THE TASK
A verbatim transcription of the listing below is required, without its pictures.

INPUT DATA
= Beginning of Section =

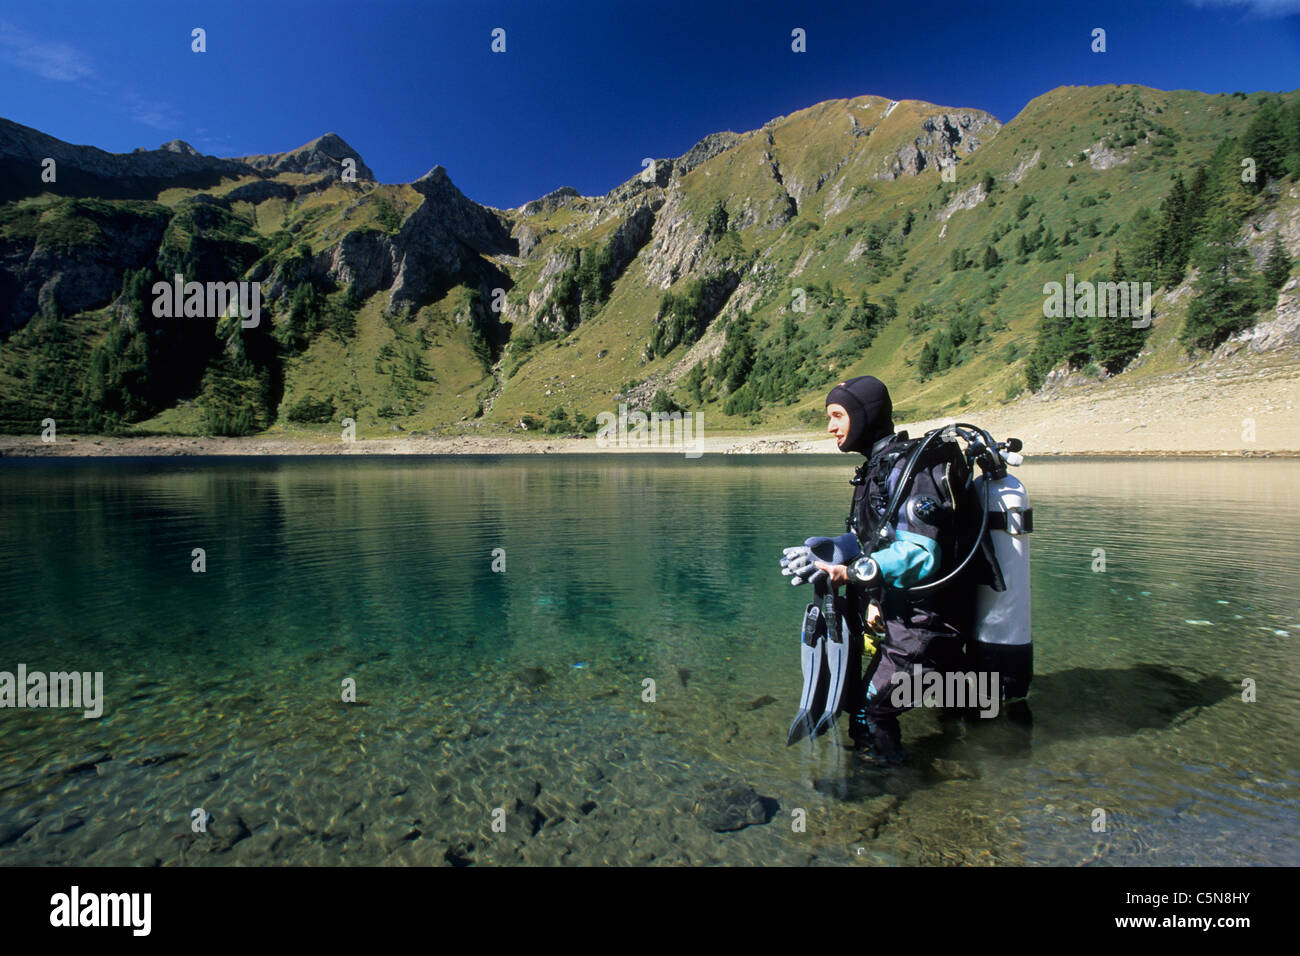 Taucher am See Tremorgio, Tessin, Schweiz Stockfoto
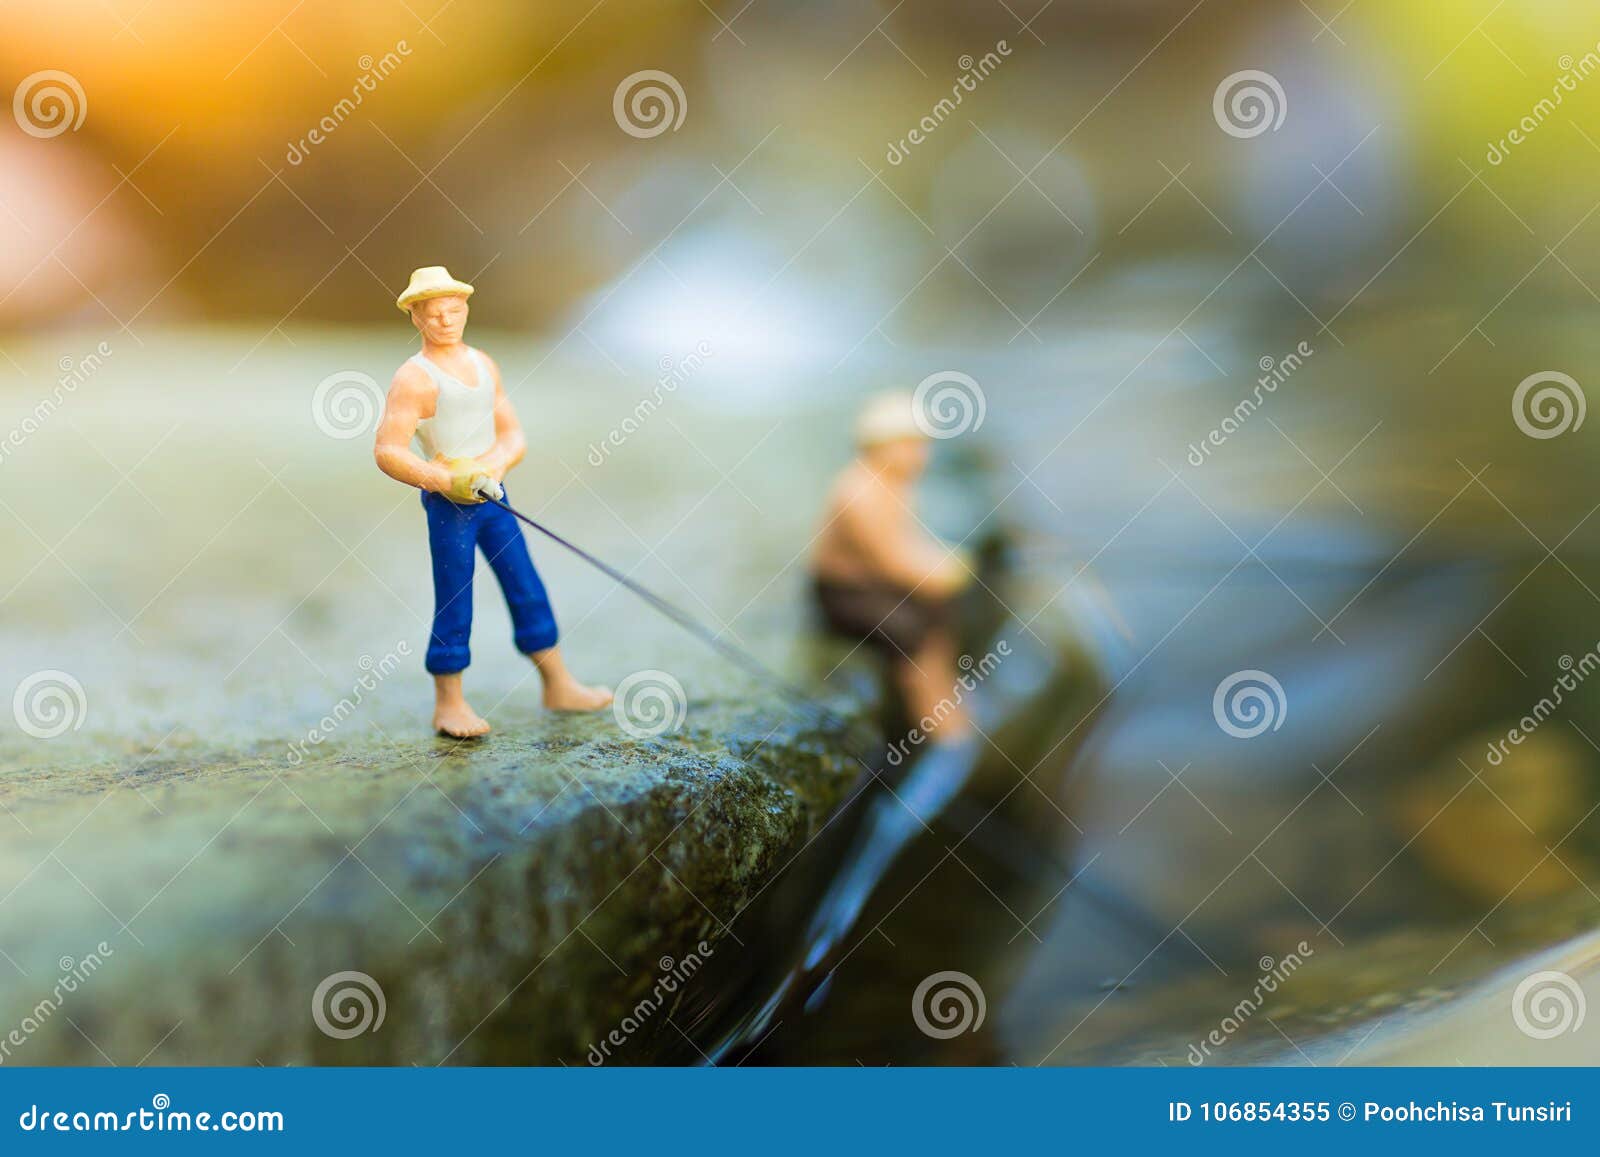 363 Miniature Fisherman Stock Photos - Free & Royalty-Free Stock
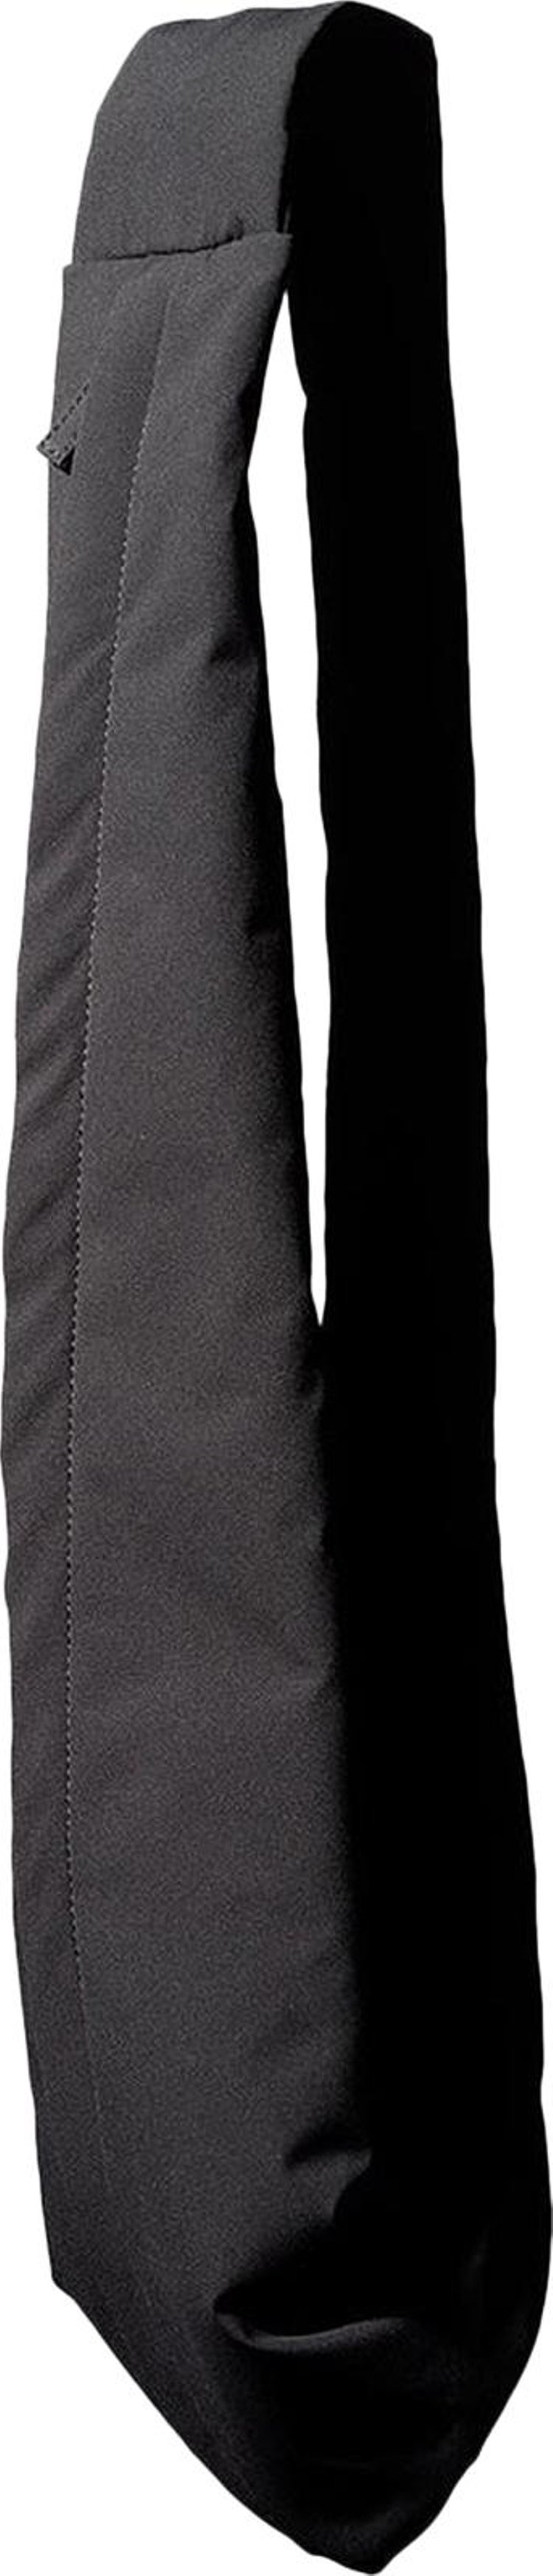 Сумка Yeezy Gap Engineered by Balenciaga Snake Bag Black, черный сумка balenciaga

= End of Section =

EXERCISE RESPONSE
 Taucher am See Tremorgio, Tessin, Schweiz Stockfoto
 363 Miniature Fisherman Stock Photos - Free & Royalty-Free Stock
 Сумка Yeezy Gap Engineered by Balenciaga Snake Bag Black, черный сумка balenciaga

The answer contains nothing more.